Another misunderstanding about marriage is that it should be regarded as a ‘concession’ to human ‘infirmity’: it is better to be married than to commit adultery (this understanding is based on a wrong interpretation of 1 Cor.7:2-9). Some early Christian sectarian movements (such as Montanism and Manicheanism) held the view that sexuality in general is something that is unclean and evil, while virginity is the only proper state for Christians. The Orthodox tradition opposed this distortion of Christian asceticism and morality very strongly.
In the Orthodox Church, there is no understanding of sexual union as something unclean or unholy. This becomes clear when one reads the following prayers from the Orthodox rite of Marriage:
‘Bless their marriage, and vouchsafe unto these Thy servants… chastity, mutual love in the bond of peace… Preserve their bed unassailed… Cause their marriage to be honorable.
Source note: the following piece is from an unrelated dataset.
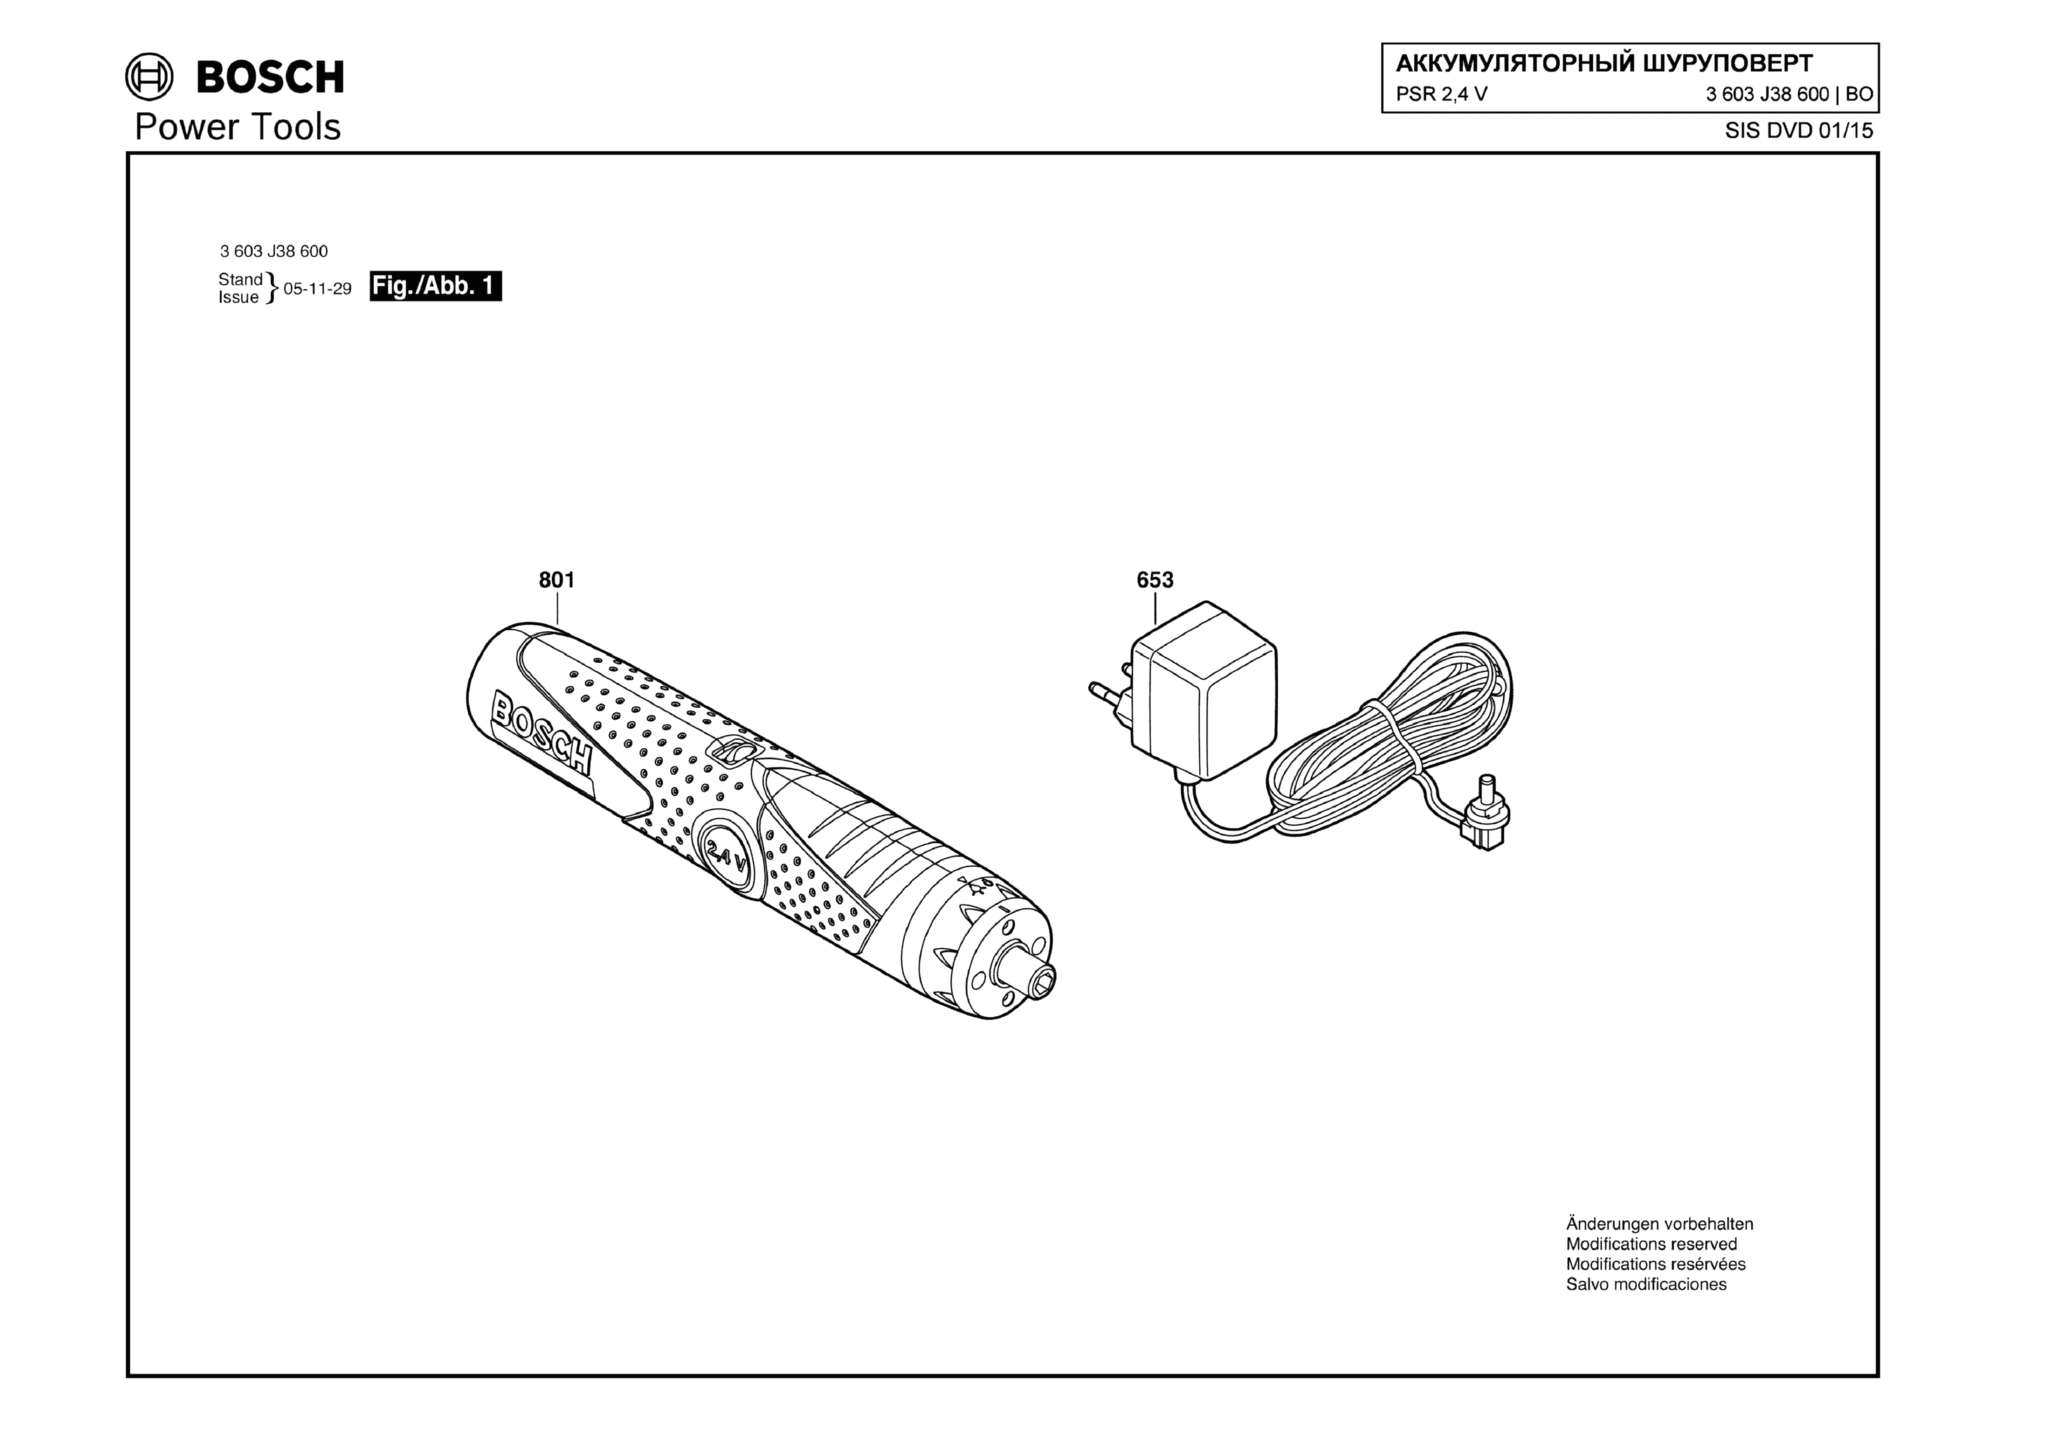 Запчасти, схема и деталировка Bosch PSR 2,4 V (ТИП 3603J38600)

Preserve their bed blameless. Mercifully grant that they may live together in purity…’
Sexual life is therefore considered compatible with ‘purity’ and ‘chastity’, the latter being, of course, not an abstinence from intercourse but rather a sexual life that is liberated from what became its characteristic after the fall of Adam.
As Paul Evdokimov says,
‘in harmonious unions… sexuality undergoes a progressive spiritualization in order to reach conjugal chastity’.
The mutual love of man and woman in marriage becomes less and less dependent on sexual life and develops into a deep unity and union which integrates the whole of the human person: the two must become not only ‘one flesh’, but also one soul and one spirit. In Christian marriage, it is not selfish ‘pleasure’ or search for ‘fun’ which is the main driving force: it is rather a quest for mutual sacrifice, for readiness to take the partner’s cross as one’s own, to share one’s whole life with one’s partner. The ultimate goal of marriage is the same as that of every other sacrament, deification of the human nature and union with Christ. This becomes possible only when marriage itself is transfigured and deified.
In marriage, the human person is transfigured; he overcomes his loneliness and egocentricism; his personality is completed and perfected. In this light Fr Alexander Elchaninov, a notable contemporary Orthodox priest and theologian, describes marriage in terms of
‘initiation’ and ‘mystery’, in which ‘a full transformation of the human person’ takes place, ‘the enlargement of his personality, new eyes, new perception of life, birth into the world, by means of it, in new fullness’. In the marital union of two individuals there is both the completion of their personalities and the appearance of the fruit of their love, a child, who makes their dyad into a triad: ‘…
An integral knowledge of another person is possible in marriage, a miracle of sensation, intimacy, of the vision of another person… Before marriage, the human person glides above life, seeing it from outside. Only in marriage is he fully immersed into it, and enters it through another person. This enjoyment of true knowledge and true life gives us that feeling of complete fulness and satisfaction which renders us richer and wiser. And this fulness is even deepened when out of the two of us, united and reconciled, a third appears, our child’.
Christ is the One Who is present at every Christian marriage and Who conducts the marriage ceremony in the Church: the priest’s role is not even to represent, but rather to present Christ and to reveal His presence, as it is also in other sacraments. The story of the wedding in Cana of Galilee is read at the Christian wedding ceremony in order to show that marriage is the miracle of the transformation of water into wine, that is, of daily routine into an unceasing and everyday feast, a perpetual celebration of the love of one person for the other.